Look through the records that follow. Copy every line containing the word "Photo".

Recorded information:
*** Begin section ***

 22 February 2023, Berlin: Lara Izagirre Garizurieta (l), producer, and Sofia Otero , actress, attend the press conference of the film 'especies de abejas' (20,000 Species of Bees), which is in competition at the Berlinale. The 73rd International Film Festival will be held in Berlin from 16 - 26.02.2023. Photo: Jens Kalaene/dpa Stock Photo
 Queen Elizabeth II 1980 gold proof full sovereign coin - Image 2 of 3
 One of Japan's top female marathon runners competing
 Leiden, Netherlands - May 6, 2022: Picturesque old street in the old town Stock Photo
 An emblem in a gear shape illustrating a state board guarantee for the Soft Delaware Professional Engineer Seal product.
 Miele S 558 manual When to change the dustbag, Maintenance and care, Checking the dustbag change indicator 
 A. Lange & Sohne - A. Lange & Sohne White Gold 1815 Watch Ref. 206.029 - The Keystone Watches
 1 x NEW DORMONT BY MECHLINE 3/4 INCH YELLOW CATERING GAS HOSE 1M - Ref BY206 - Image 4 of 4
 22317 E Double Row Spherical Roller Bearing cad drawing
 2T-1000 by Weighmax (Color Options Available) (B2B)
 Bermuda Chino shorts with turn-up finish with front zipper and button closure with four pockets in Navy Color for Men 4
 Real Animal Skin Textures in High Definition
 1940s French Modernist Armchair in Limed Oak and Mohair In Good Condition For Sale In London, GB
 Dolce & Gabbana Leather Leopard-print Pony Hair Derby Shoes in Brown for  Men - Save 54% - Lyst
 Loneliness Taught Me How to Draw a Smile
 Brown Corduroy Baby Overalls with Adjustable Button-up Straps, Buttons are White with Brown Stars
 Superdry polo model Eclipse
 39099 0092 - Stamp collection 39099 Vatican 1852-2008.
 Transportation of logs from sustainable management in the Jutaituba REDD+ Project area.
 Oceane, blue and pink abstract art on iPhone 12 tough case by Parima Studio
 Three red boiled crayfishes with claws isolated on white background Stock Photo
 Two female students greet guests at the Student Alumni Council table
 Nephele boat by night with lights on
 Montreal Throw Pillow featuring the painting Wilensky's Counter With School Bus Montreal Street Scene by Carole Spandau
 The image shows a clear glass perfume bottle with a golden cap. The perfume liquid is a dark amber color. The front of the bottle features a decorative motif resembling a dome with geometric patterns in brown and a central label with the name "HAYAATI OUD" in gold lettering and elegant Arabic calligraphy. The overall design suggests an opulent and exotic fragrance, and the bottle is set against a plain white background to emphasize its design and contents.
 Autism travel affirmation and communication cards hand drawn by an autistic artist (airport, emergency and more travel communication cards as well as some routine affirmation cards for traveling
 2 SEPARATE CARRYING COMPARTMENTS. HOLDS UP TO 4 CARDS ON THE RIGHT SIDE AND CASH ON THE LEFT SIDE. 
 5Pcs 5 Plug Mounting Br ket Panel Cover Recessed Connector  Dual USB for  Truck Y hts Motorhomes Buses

*** End section ***

Written solution:
 22 February 2023, Berlin: Lara Izagirre Garizurieta (l), producer, and Sofia Otero , actress, attend the press conference of the film 'especies de abejas' (20,000 Species of Bees), which is in competition at the Berlinale. The 73rd International Film Festival will be held in Berlin from 16 - 26.02.2023. Photo: Jens Kalaene/dpa Stock Photo
 Leiden, Netherlands - May 6, 2022: Picturesque old street in the old town Stock Photo
 Three red boiled crayfishes with claws isolated on white background Stock Photo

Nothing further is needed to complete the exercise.